Briefly, in real_data.R, we obtain IVs for each pair of traits by searching GWAS significant SNPs with trait A and GWAS significant SNPs with trait B, and do LD-clumping on the union. Then this LD-clumped union of SNPs is stored in IV_list. We then extract all $M$ SNPs in IV_list for all $N$ traits and perform data harmonizing.

In process.R, we construct the LD correlation matrix among the $M$ SNPs by first splitting them into LD blocks, and call ieugwasr::ld_matrix to obtain LD matrix.

Note

  1. Some elements in b_mat and se_mat can be NA, as long as those SNPs will not be used in the bivariate analyses involving that trait, which is guaranteed by the use of IV_list.
  2. Based on the preprocessing code, we expect the order in IV_list should be pair 1-2, pair 1-3, ..., pair 1-N, pair 2-3, pair 2-4, ..., pair (N-1)-N.

Step 2. Run GraphMRcML

After preparing the above two datasets, we can implement GraphMRcML. As GraphMRcML relies on data perturbation (bootstrap) for statistical inference, we can run the analysis in parallel. real_data/Panalyze.R shows an example to run the analysis with 10 perturbations (num_pert = 10) in each job, then you can submit, e.g. 200 jobs, to obtain a total of 2000 perturbations.

Step 3. Summarize and visualize results

After Step 2, you first need to combine results from all 200 jobs (see real_data/combine_list.R), then you can summarize the result using subset_Graph_d1 and visualize it with plot_graph in R/helper.R. In particular, subset_Graph_d1 returns a list storing the final total-effect graph (obs_graph_mean,obs_graph_sd,obs_graph_pval) and the final direct-effect graph after network deconvolution (dir_graph_mean,dir_graph_sd,dir_graph_pval).

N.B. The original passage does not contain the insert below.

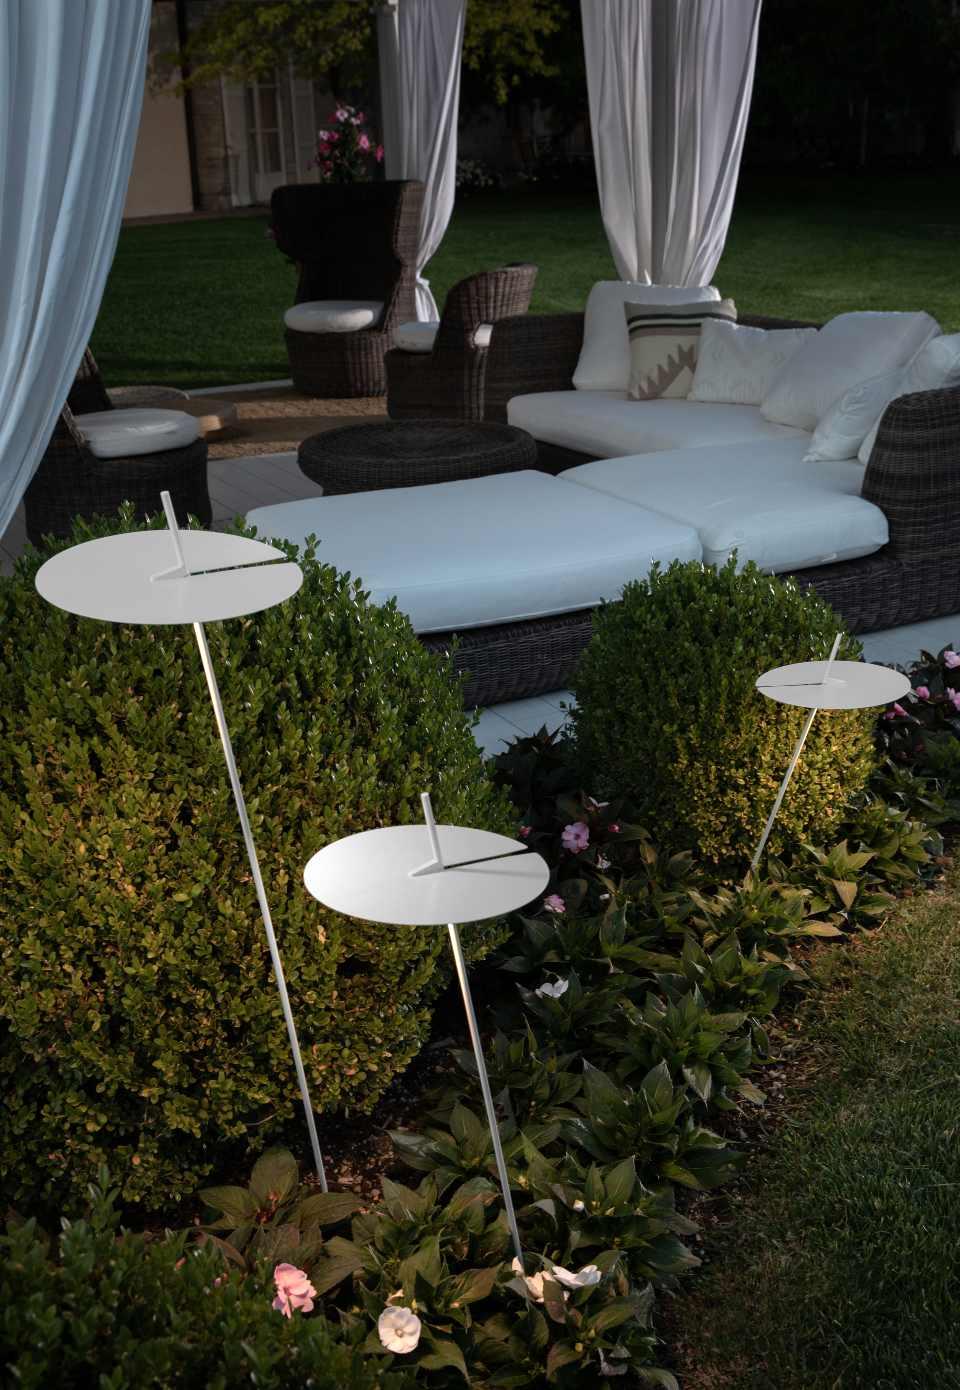 xana-illuminazione-decorativa-outdoor
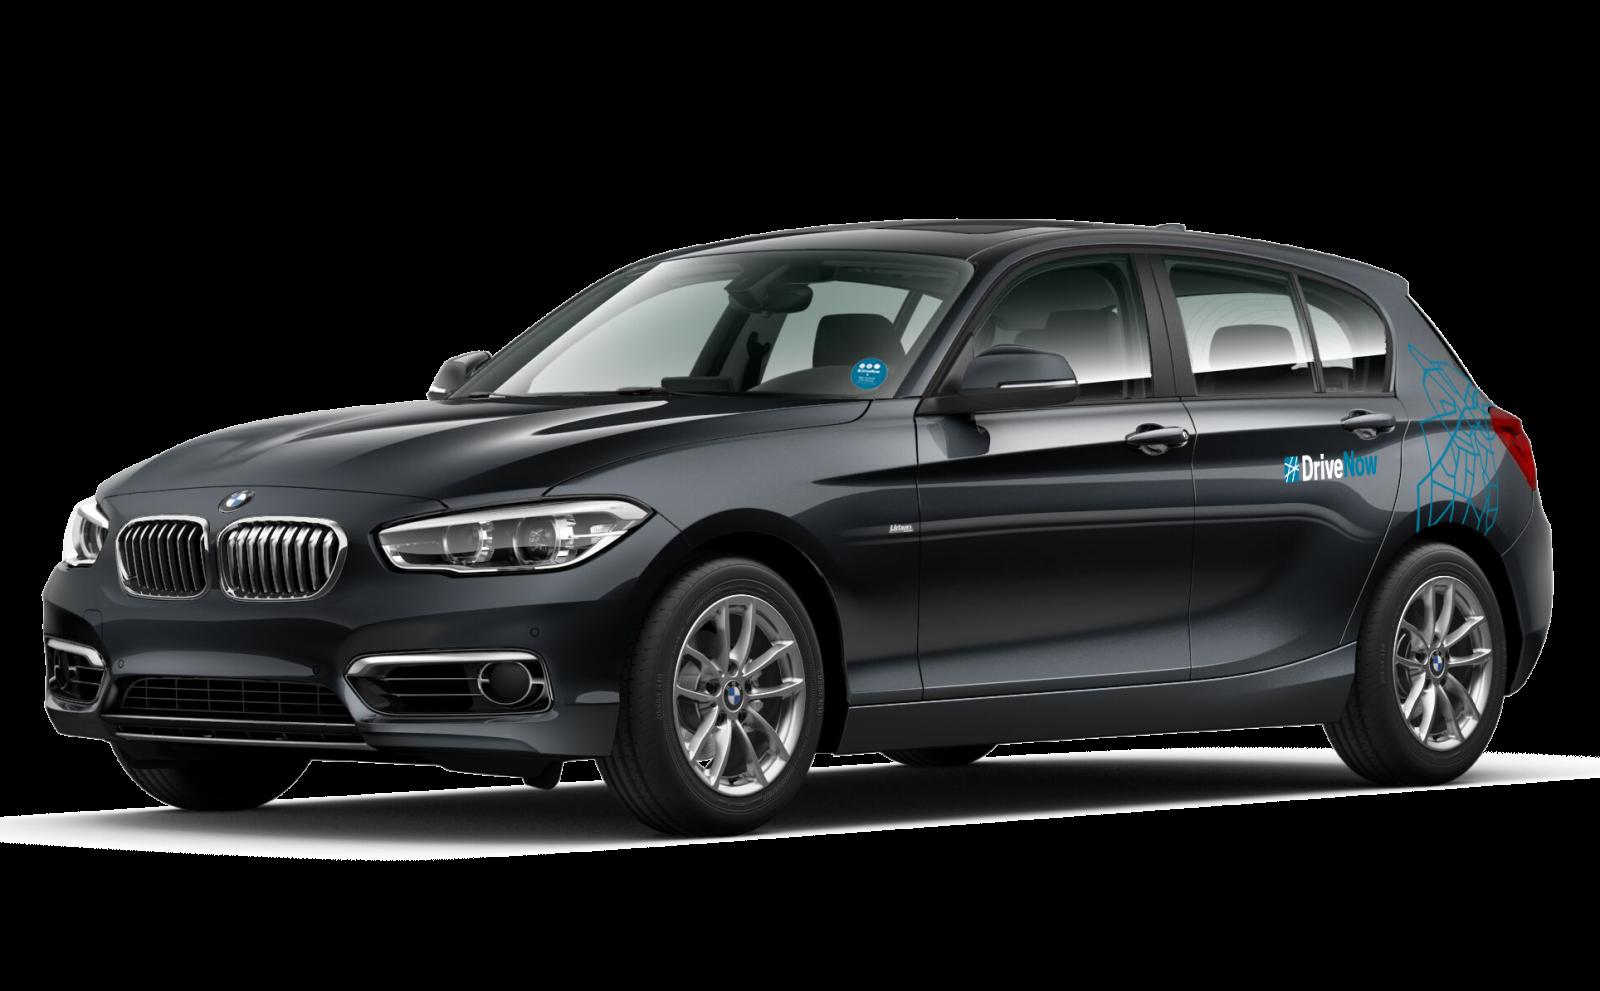 DriveNow_BMW_1SeriesLCI_Silhouette_Transvers_MineralGrey (2)_12

It also stores warn_len which is the number of direct-effect graphs with a spectral value greater than 1 (which violates the key assumption in ND), and conv_len which is the number of failed convergence of the algorithm to ensure the diagonal elements of the resulting direct-effect network are zeros. In general, if the two numbers are large, the resulting direct-effect graph may not be reliable. One strategy is to reduce the number of traits and/or highly correlated traits in the model.

Reference

Lin, Z., Xue, H., & Pan, W. (2023). Combining Mendelian randomization and network deconvolution for inference of causal networks with GWAS summary data. PLoS genetics, 19(5), e1010762.